Input data: Begin

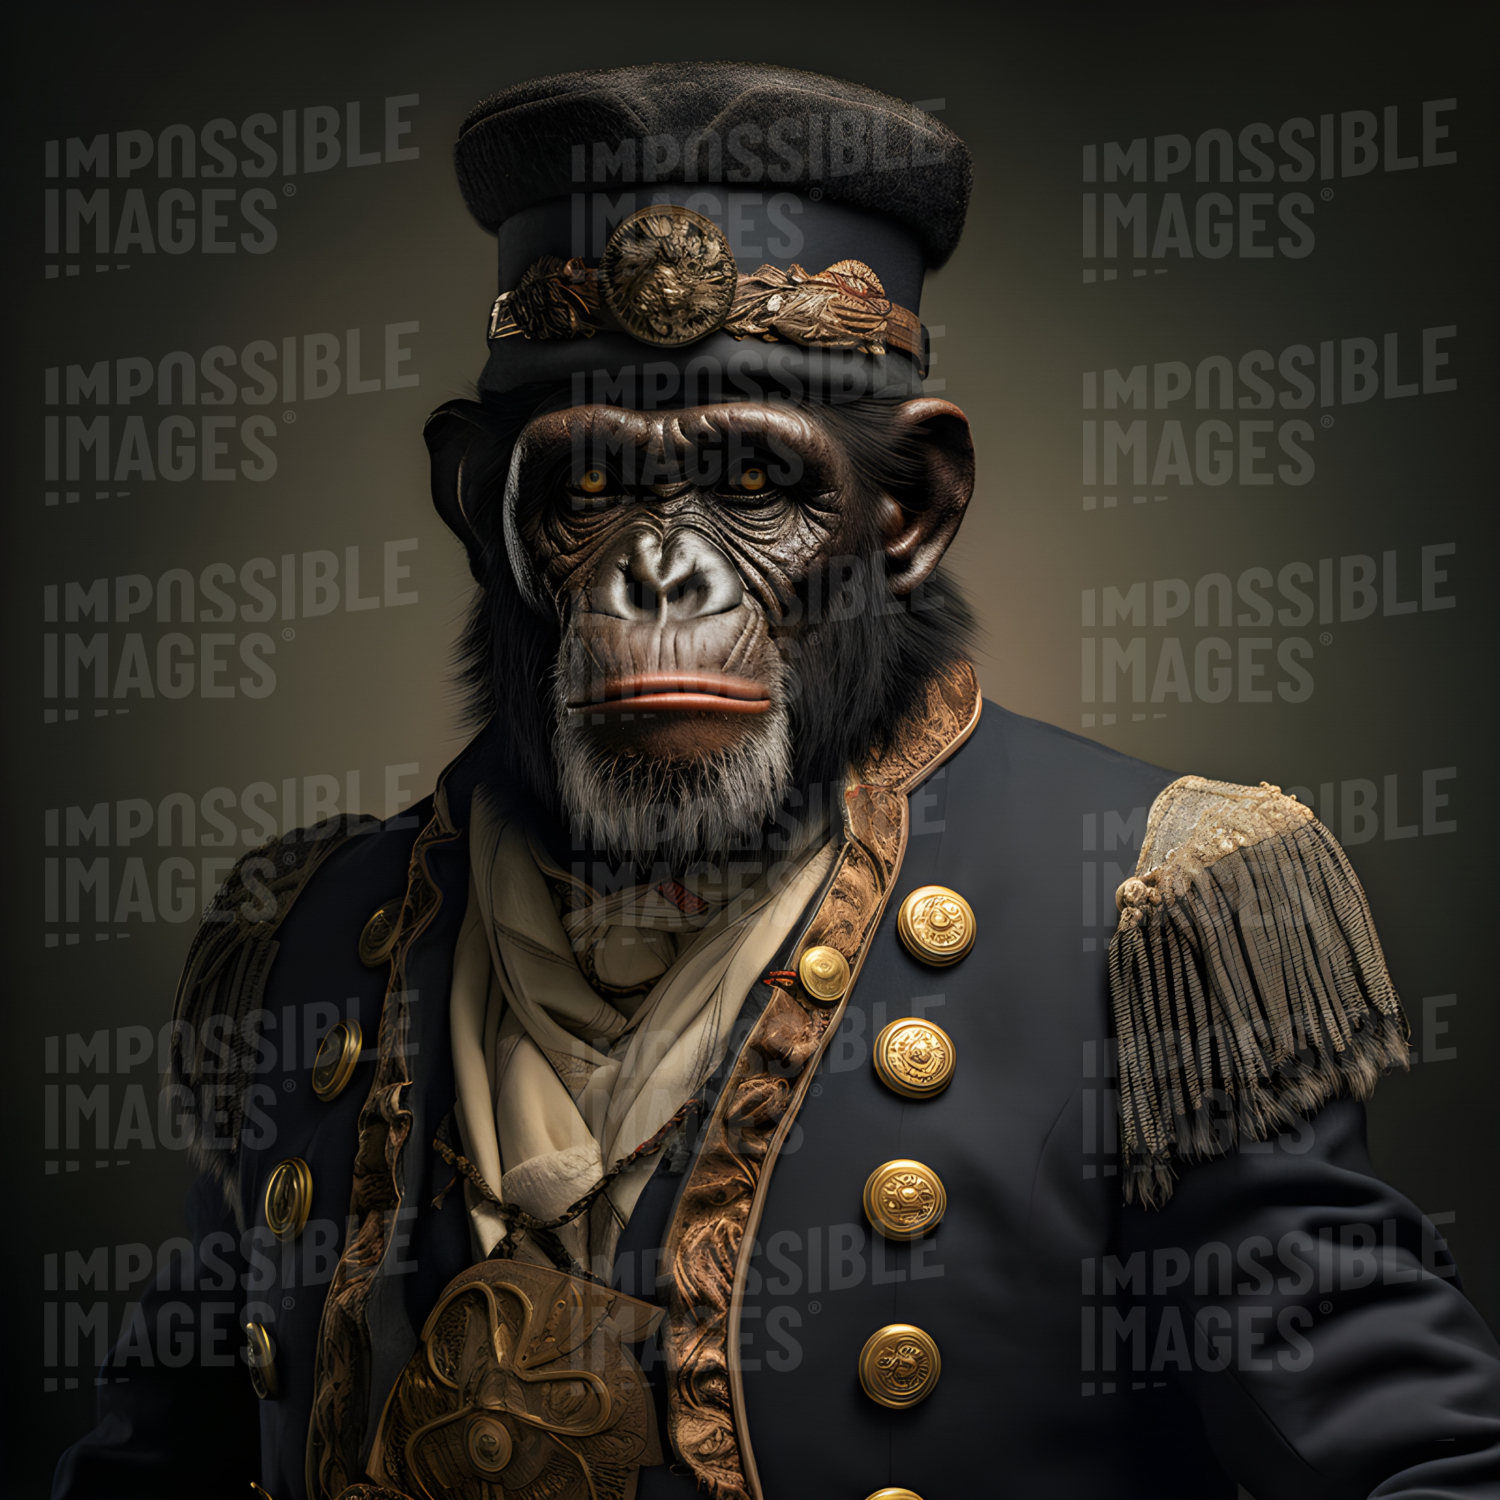 Portrait of a chimpanee in Victorian-style military uniform
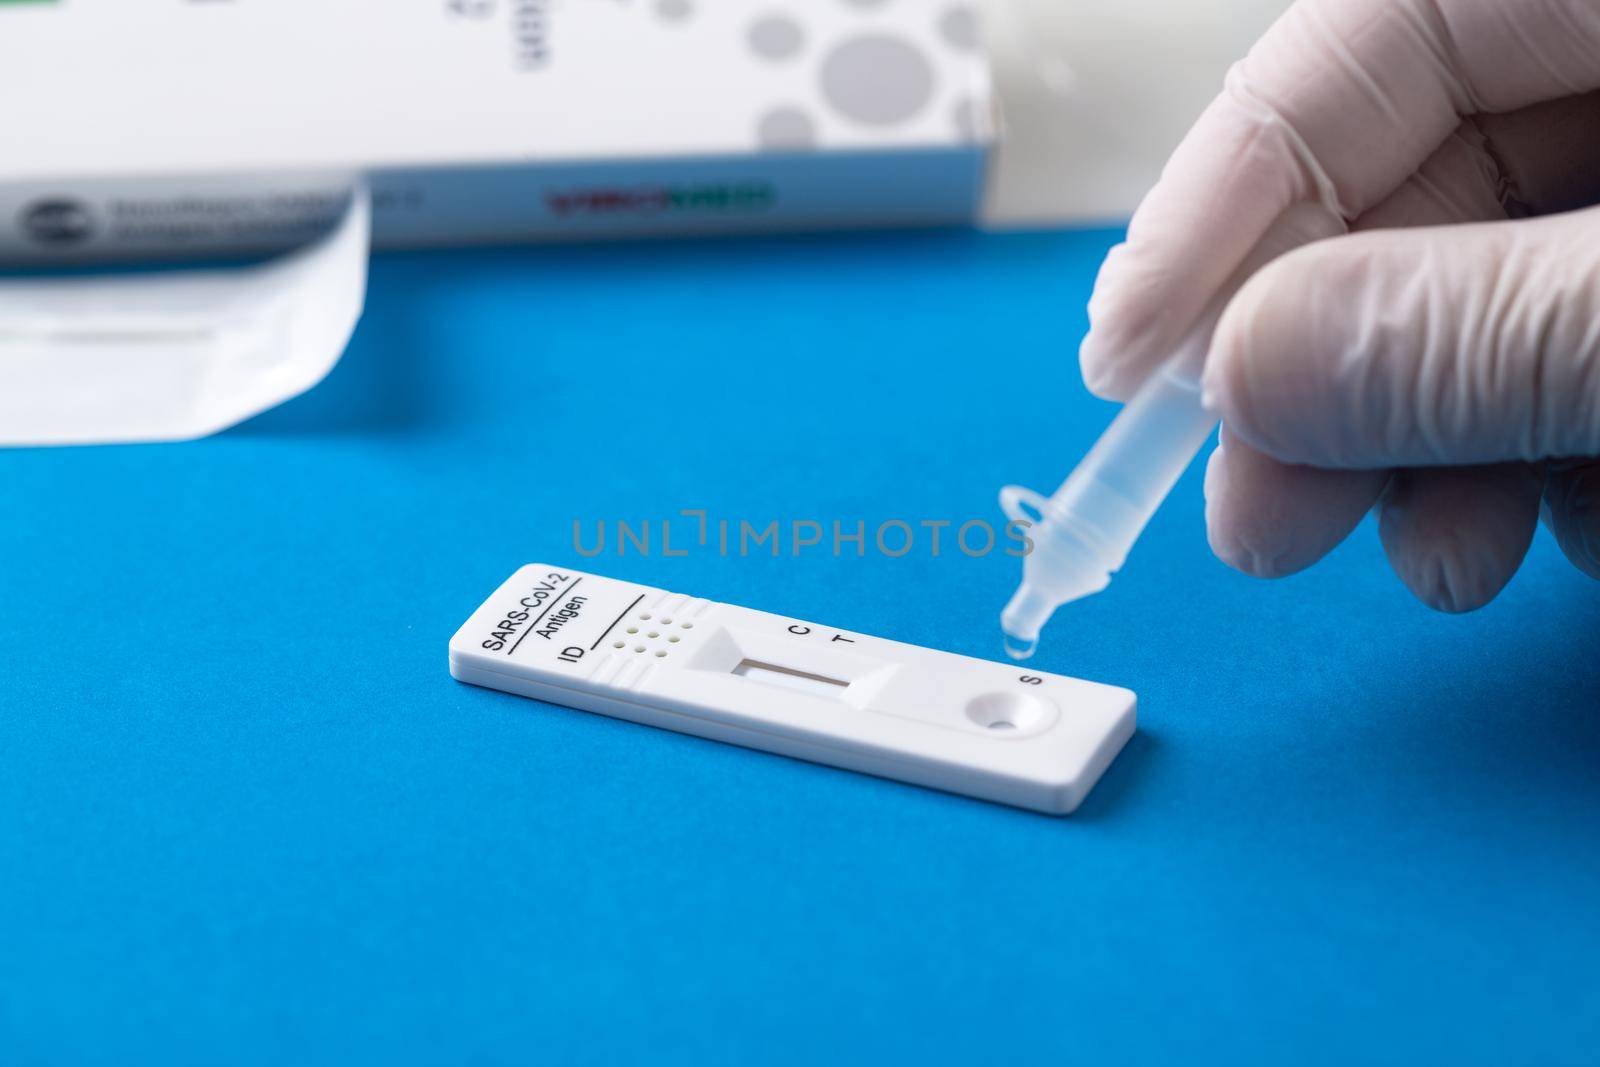 Corona virus antigen fast test. Lab card kit test for COVID-19. by Taut
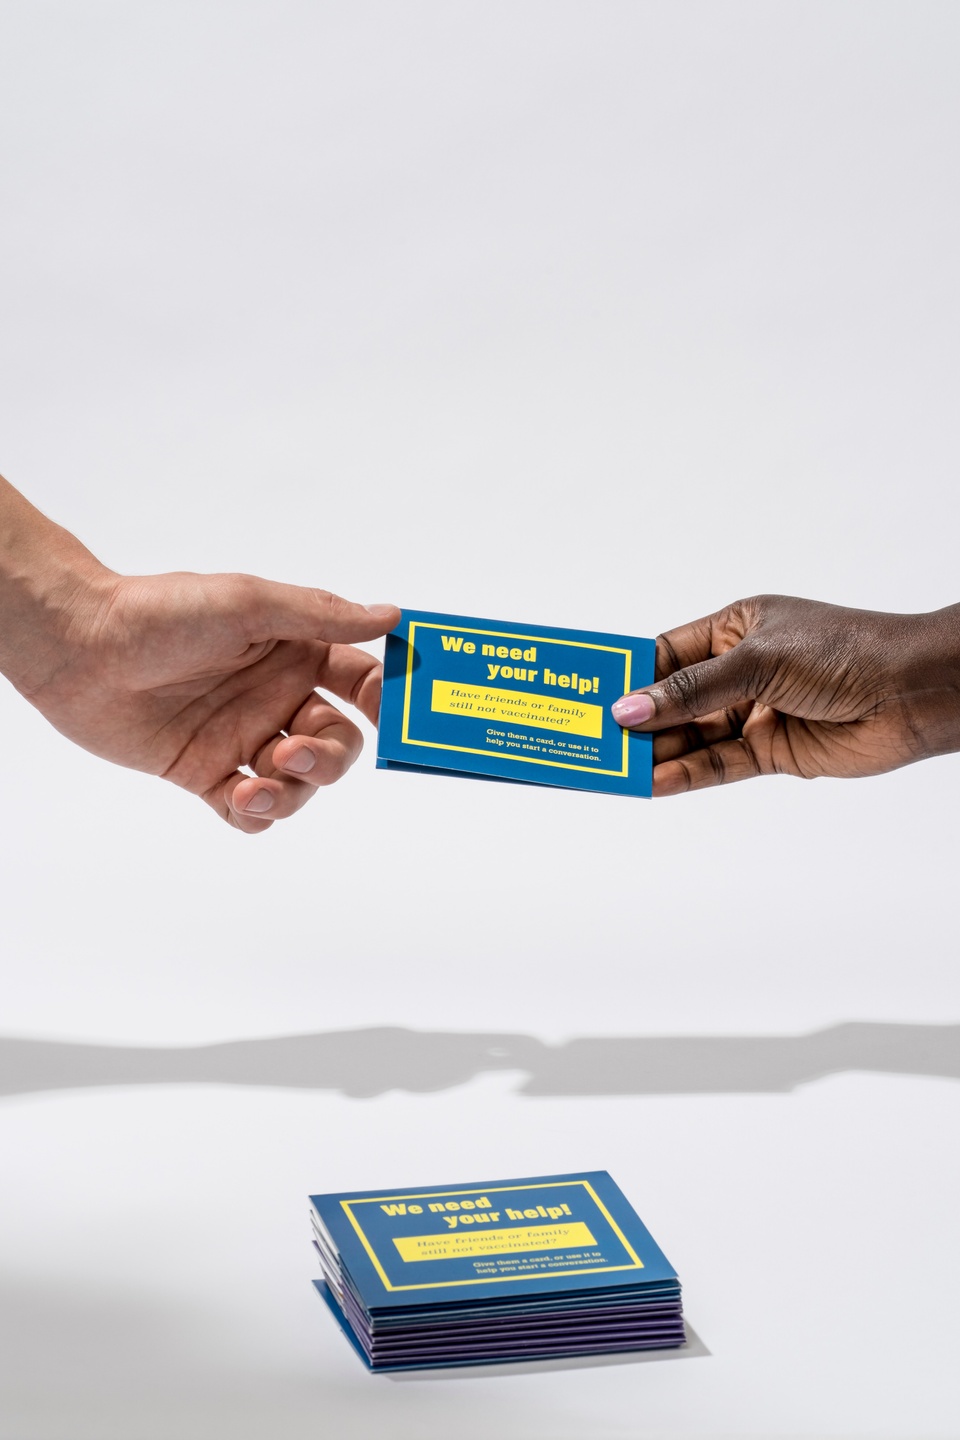 Cropped close, a woman hands a blue and yellow card holder to a man. A stack of extra holders is in front of them.

Input data: End

▸ **Exercise goal**
From the data above, write out everything exactly except the pictures.

▸ **Response for this exercise**
 Portrait of a chimpanee in Victorian-style military uniform
 Corona virus antigen fast test. Lab card kit test for COVID-19. by Taut
 Cropped close, a woman hands a blue and yellow card holder to a man. A stack of extra holders is in front of them.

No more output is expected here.